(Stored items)
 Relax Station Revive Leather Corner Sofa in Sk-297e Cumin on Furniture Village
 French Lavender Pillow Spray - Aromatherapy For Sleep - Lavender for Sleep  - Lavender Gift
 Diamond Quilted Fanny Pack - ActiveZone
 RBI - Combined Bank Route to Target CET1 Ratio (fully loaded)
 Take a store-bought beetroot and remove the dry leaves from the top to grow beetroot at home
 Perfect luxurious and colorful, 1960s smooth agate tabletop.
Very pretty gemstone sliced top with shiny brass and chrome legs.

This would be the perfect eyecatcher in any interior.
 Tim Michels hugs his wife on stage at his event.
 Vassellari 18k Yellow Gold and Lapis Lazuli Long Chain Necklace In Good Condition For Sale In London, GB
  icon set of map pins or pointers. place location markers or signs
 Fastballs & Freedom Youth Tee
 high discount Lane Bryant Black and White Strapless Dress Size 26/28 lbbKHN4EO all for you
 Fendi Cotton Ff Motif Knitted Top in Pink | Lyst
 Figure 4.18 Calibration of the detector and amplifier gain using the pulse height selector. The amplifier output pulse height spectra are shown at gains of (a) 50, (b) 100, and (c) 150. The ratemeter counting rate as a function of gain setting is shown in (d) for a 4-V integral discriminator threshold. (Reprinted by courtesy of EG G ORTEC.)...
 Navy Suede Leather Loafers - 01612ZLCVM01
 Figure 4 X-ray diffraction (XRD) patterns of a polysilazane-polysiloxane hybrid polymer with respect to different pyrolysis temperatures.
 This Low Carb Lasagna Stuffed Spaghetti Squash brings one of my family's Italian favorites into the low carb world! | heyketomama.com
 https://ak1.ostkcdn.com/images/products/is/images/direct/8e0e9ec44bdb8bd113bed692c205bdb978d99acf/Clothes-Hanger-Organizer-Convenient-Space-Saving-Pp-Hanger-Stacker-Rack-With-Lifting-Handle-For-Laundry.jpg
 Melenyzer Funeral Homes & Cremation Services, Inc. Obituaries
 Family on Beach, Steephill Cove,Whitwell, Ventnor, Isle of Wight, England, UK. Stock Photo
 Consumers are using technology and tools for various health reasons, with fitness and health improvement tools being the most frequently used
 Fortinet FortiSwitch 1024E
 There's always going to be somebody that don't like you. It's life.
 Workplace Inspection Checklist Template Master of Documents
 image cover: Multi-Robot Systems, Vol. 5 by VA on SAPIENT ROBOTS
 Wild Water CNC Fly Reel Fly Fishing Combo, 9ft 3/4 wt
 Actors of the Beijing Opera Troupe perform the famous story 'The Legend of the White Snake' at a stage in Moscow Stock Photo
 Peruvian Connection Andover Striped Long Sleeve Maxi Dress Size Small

What is expected →
All that is needed is a number: how many lines in the data above contain the string "Dress".

Expected answer →
2